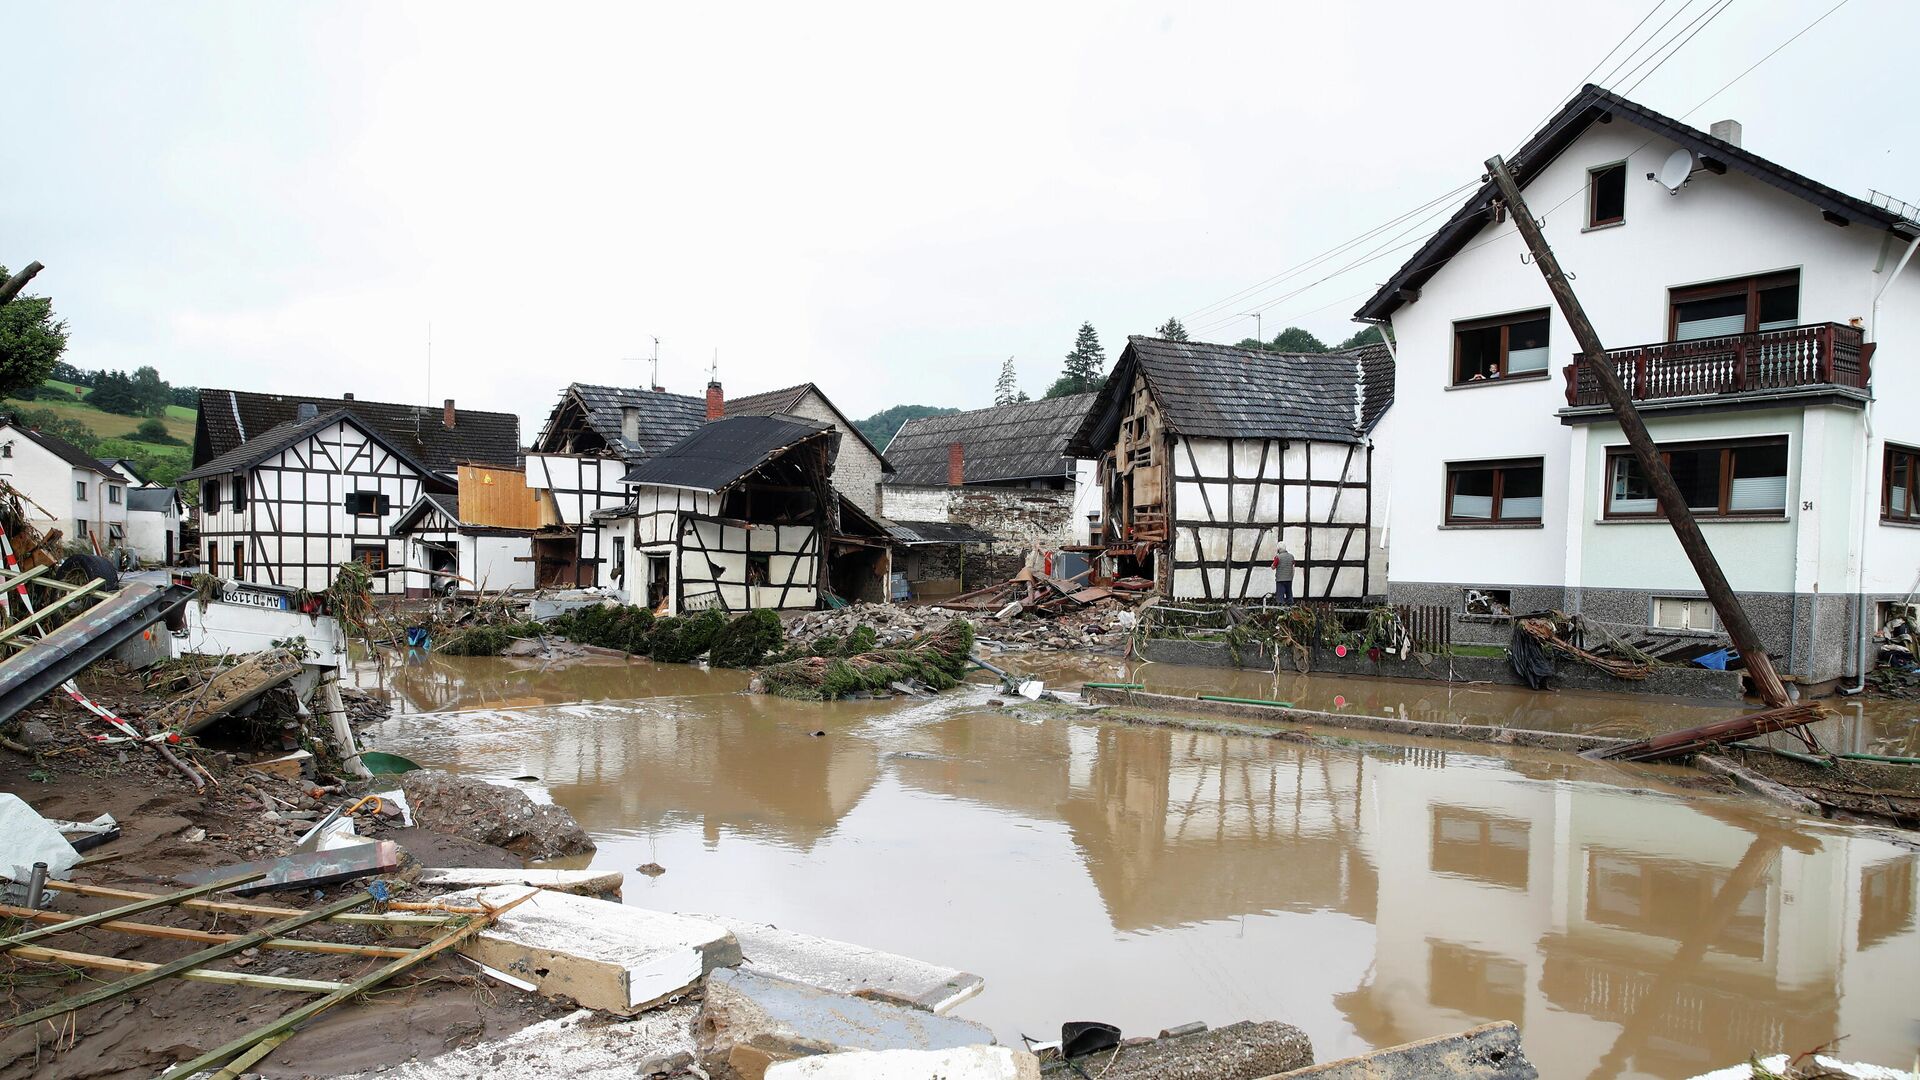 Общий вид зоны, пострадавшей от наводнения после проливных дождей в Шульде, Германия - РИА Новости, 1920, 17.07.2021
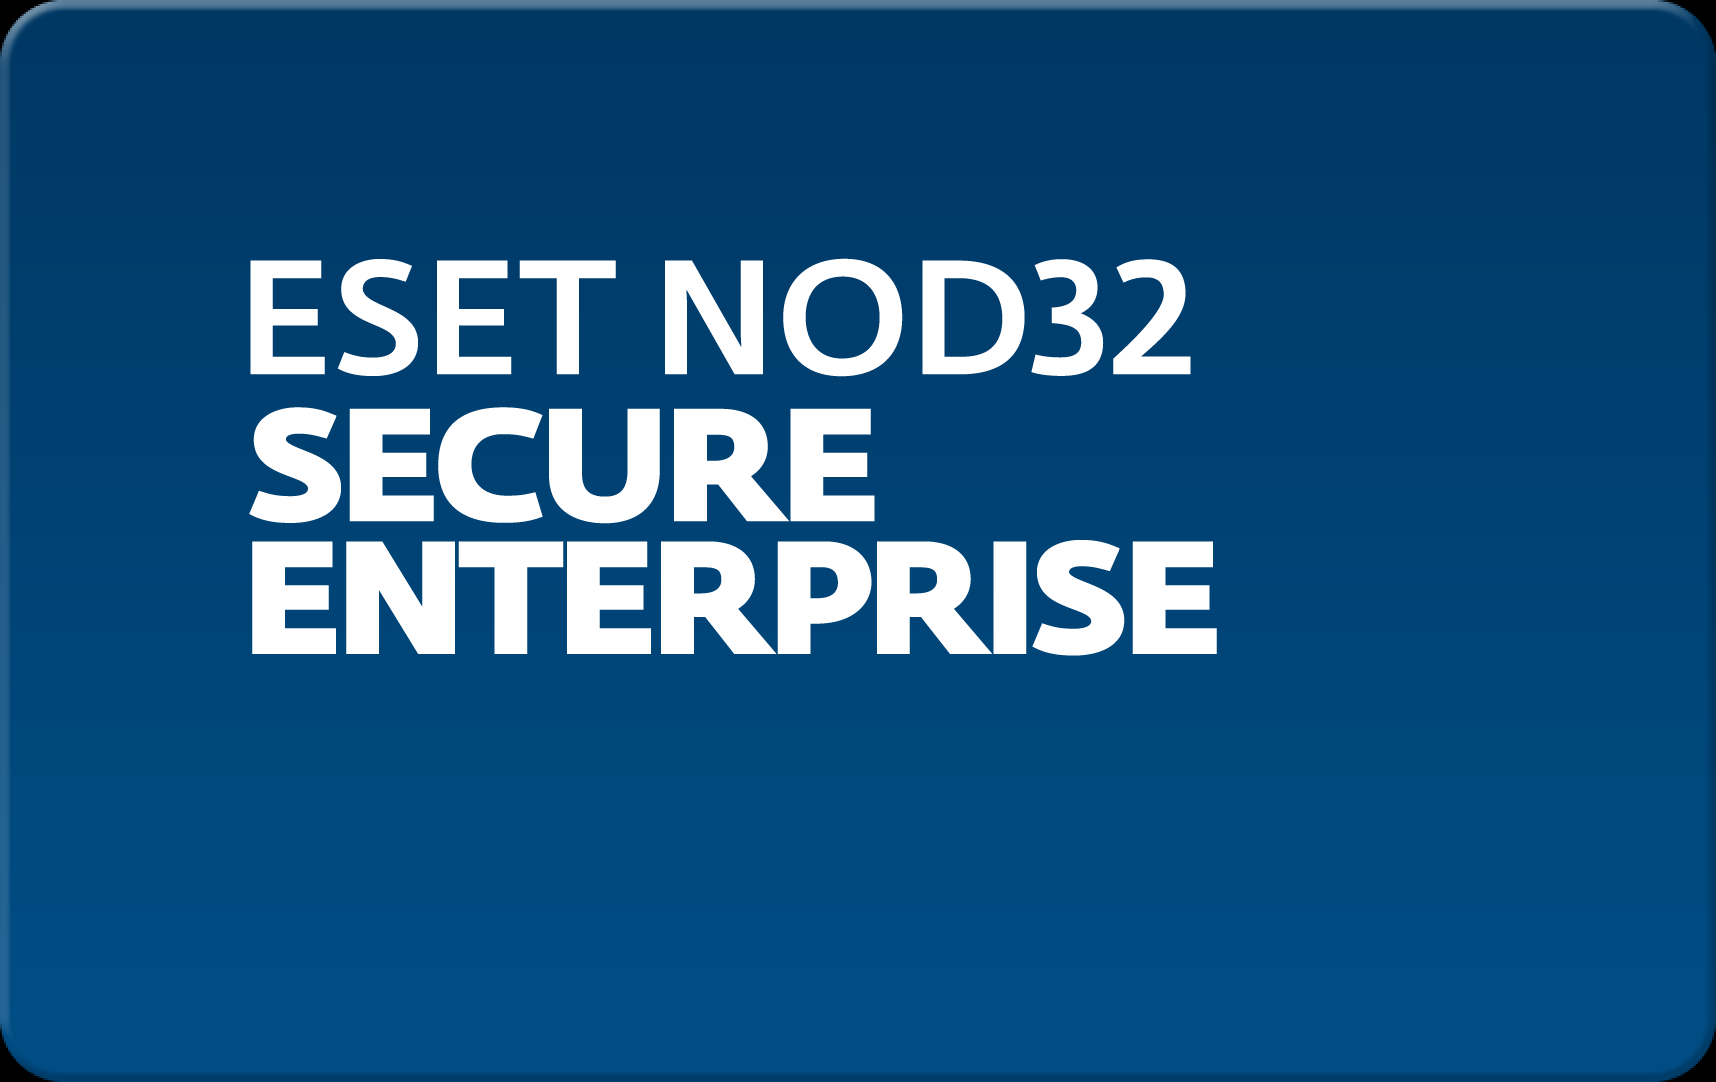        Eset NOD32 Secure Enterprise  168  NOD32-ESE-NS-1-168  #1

================================

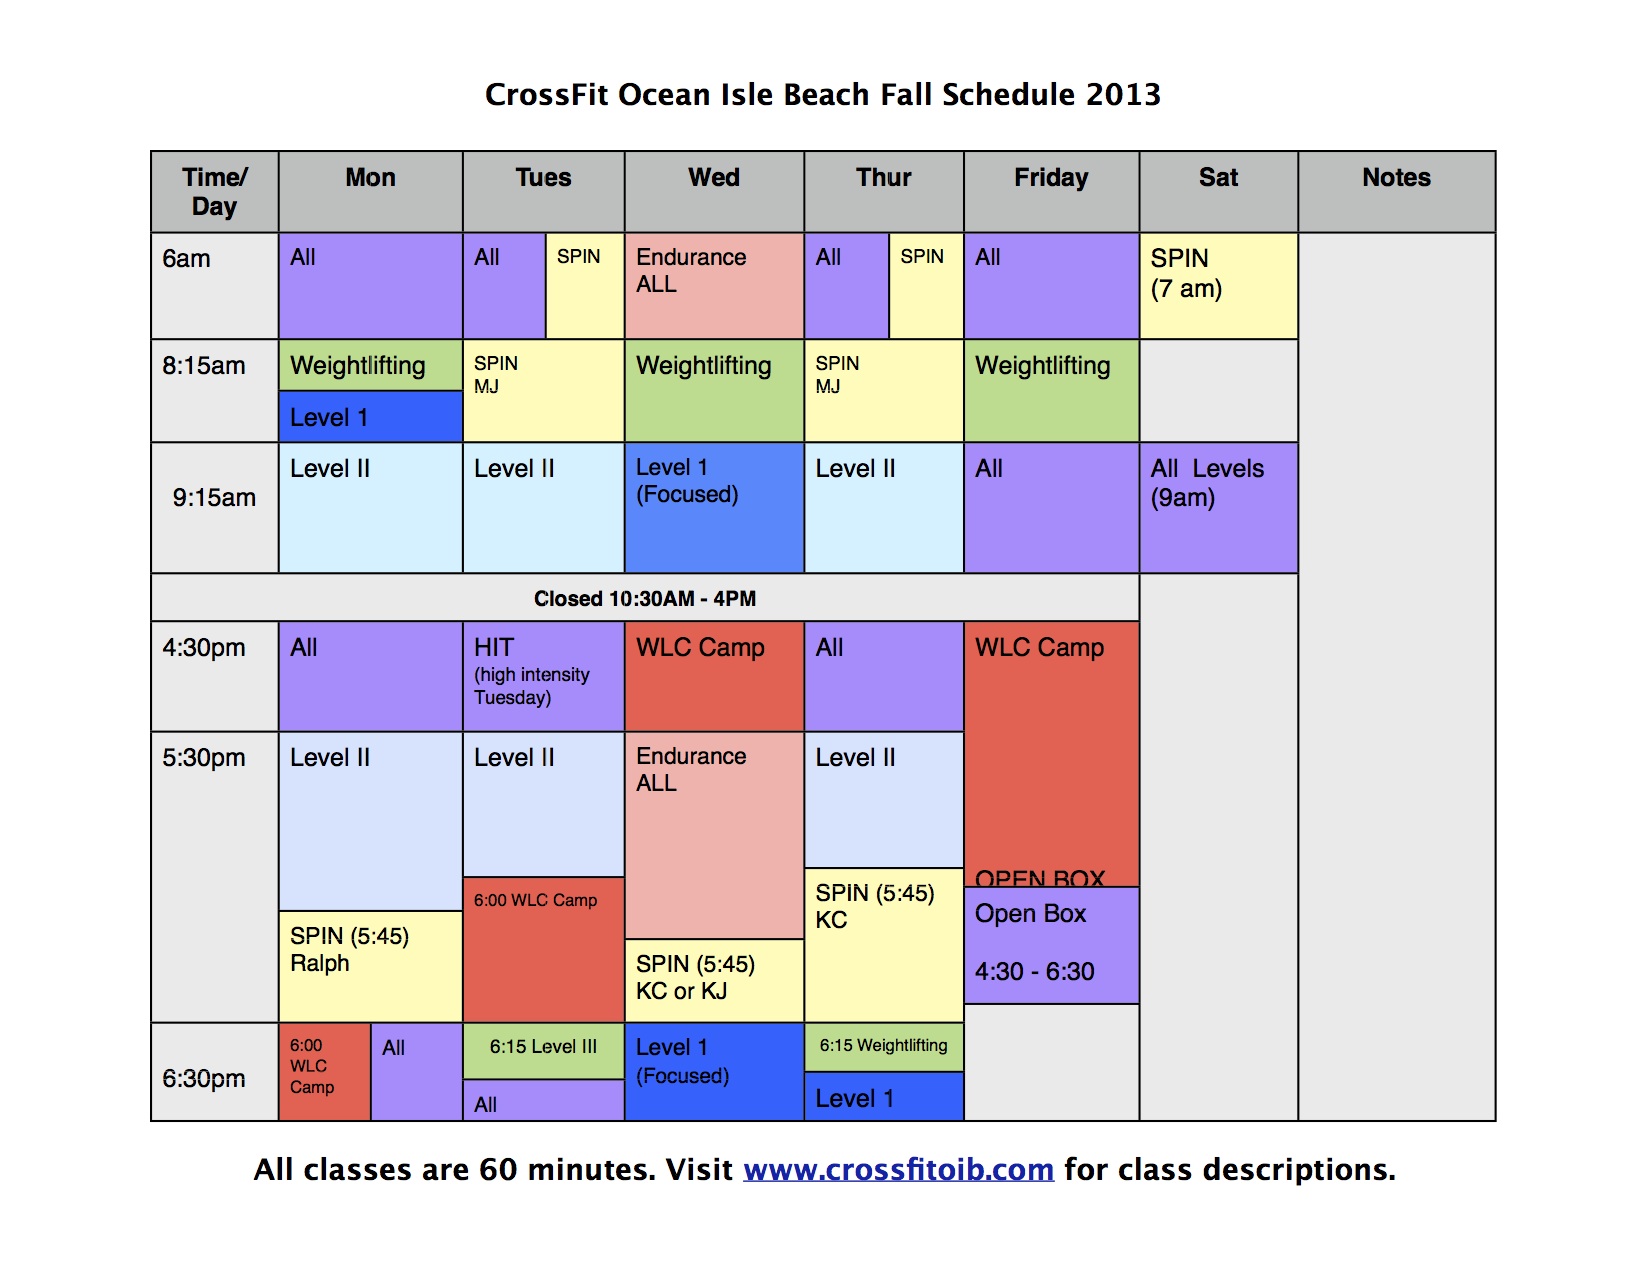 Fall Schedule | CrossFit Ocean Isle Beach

================================

Work instruction — In the listing above, find the line with "Общий вид зоны, пострадавшей" and the line with "Eset NOD32 Secure". Output both, plus every line between them, and no pictures.

Response box —
 Общий вид зоны, пострадавшей от наводнения после проливных дождей в Шульде, Германия - РИА Новости, 1920, 17.07.2021
        Eset NOD32 Secure Enterprise  168  NOD32-ESE-NS-1-168  #1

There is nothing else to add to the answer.